Conclusion the second: The performance gain from quoted versus non-quoted field values is so small to be inconsequential.
On a side note, there is a very interesting subtlety here. Observe the difference between
num.times { db.query("select * from users where id = 123") {} }
and
num.times { db.query("select * from users where id = 123") }
The former passes the Mysql::Result
object to a block, and frees it after the block terminates. The latter does not, and the returned Mysql::Result
object remains in scope for the entire pass of the benchmark. This subtlety makes a massive difference.
def measure_select_with_free(num = 1000)
db = ActiveRecord::Base.connection.instance_variable_get :@connection
puts "Query with block, result immediately freed"
puts Benchmark.measure {
num.times { db.query("select * from users where id = 123") {} }
}
puts "Query without block, result remains in scope"
puts Benchmark.measure {
num.times { db.query("select * from users where id = 123") }
}
end
Results:
[chris@polaris benchmarks]$ script/runner benchmark.rb
Query with block, result immediately freed
0.060000 0.040000 0.100000 ( 0.267983)
Query without block, result remains in scope
5.040000 0.050000 5.090000 ( 5.266476)
Whoa damn. Ruby’s GC is slaughtering performance there. Just adding a pair of curly braces makes the benchmark run 20 times faster.

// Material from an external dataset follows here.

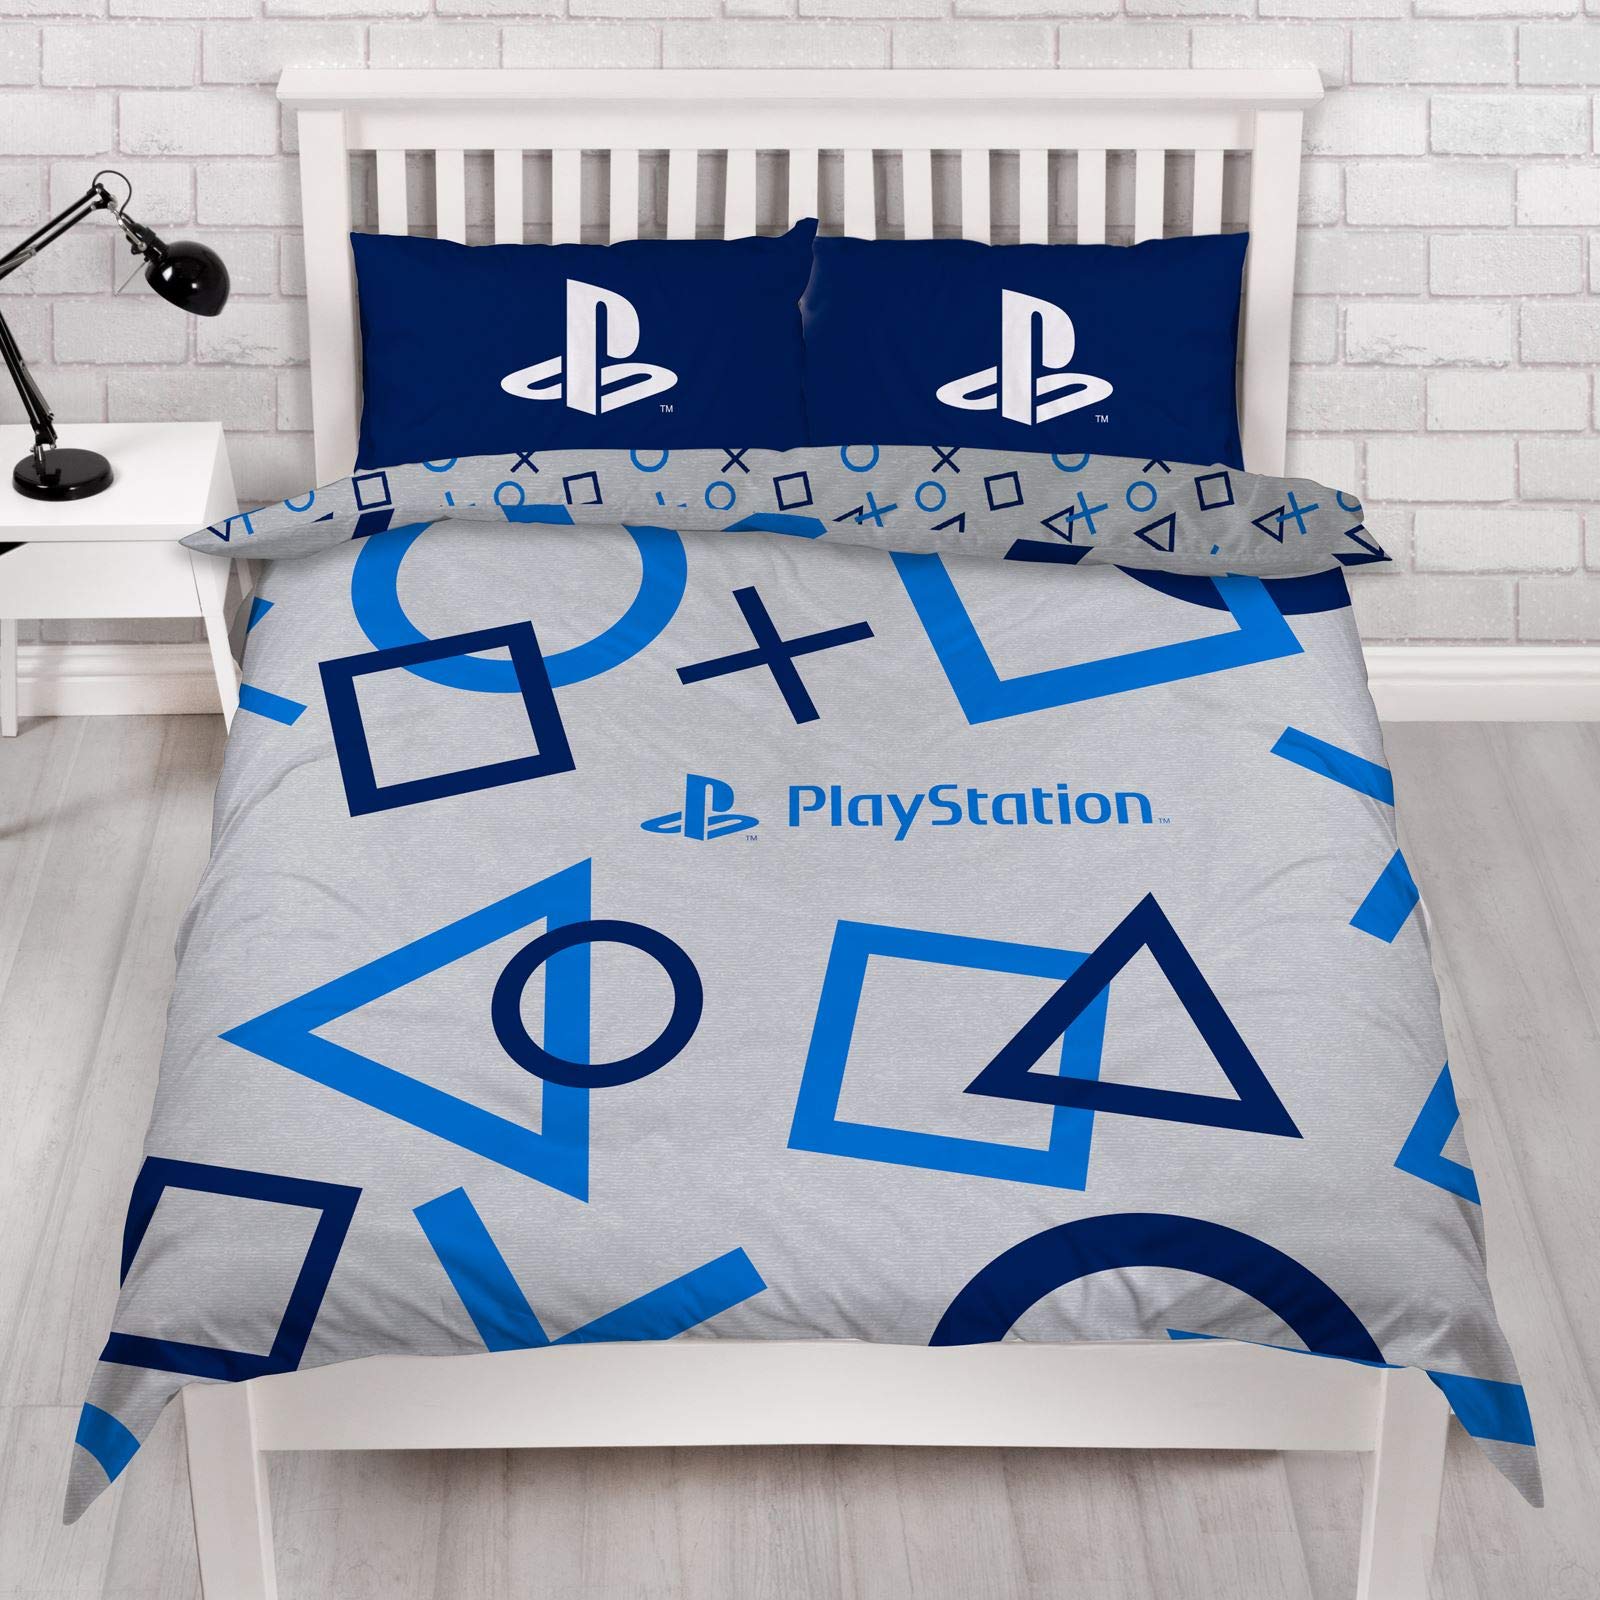 Character World Playstation Blue Double Duvet Cover Officially Licensed Sony Playstation Reversible Two Sided Gaming Bedding Design with Matching Pillowcase, Polycotton, Blue, PYSBLEDD001UK2

It’s better to request only specific column
Finally, Konstantin mentions that selecting only specific fields from a table is faster. This is a truth in both MySQL and in the ActiveRecord ORM, for a number of reasons. However, he says:
Person.find_by_name(“Name”).phone_number. It would be much faster if you use: Person.find_by_sql(“SELECT persons.phone_number WHERE persons.name = ‘Name’”)

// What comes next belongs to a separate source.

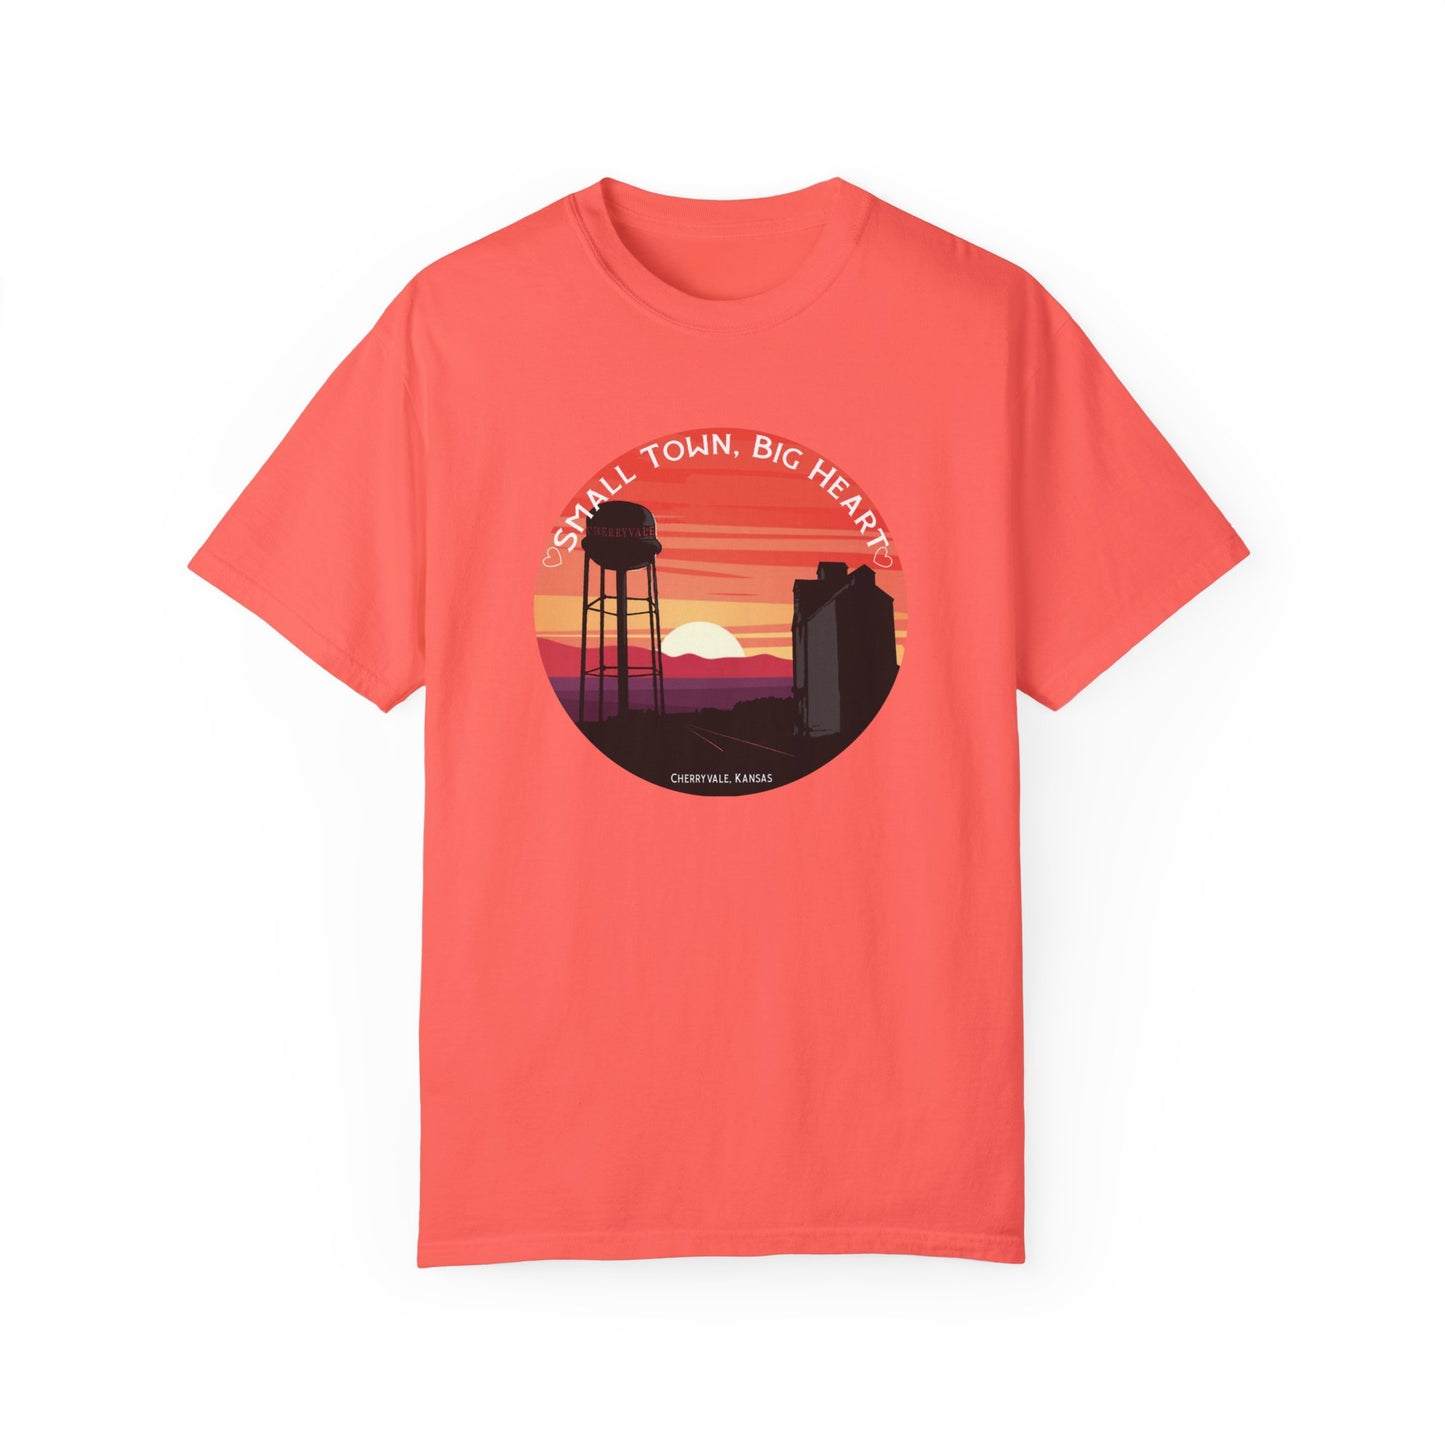 HEARTS Version - Small Town, Big Heart - Short Sleeve on Comfort Colors

Why not just use the :select option that ActiveRecord provides?
Person.find_by_name("Name", :select => "phone_number")
Let’s test those assumptions.
def measure_single_field_select(num = 1000)
puts "Find with all fields"
puts Benchmark.measure {
num.times { User.find_by_id(123)}
}
puts "Find with one field, with :select"
puts Benchmark.measure {
num.times { User.find_by_id(123, :select => "email")}
}
end
Results:
[chris@polaris benchmarks]$ script/runner benchmark.rb
Find with all fields
0.720000 0.060000 0.780000 ( 0.963273)
Find with one field, with :select
0.310000 0.010000 0.320000 ( 0.364554)
[chris@polaris benchmarks]$ script/runner benchmark.rb
Find with all fields
0.710000 0.110000 0.820000 ( 1.014548)
Find with one field, with :select
0.260000 0.020000 0.280000 ( 0.351761)
Very significant difference there…and we didn’t have to bypass the ORM to get it, either.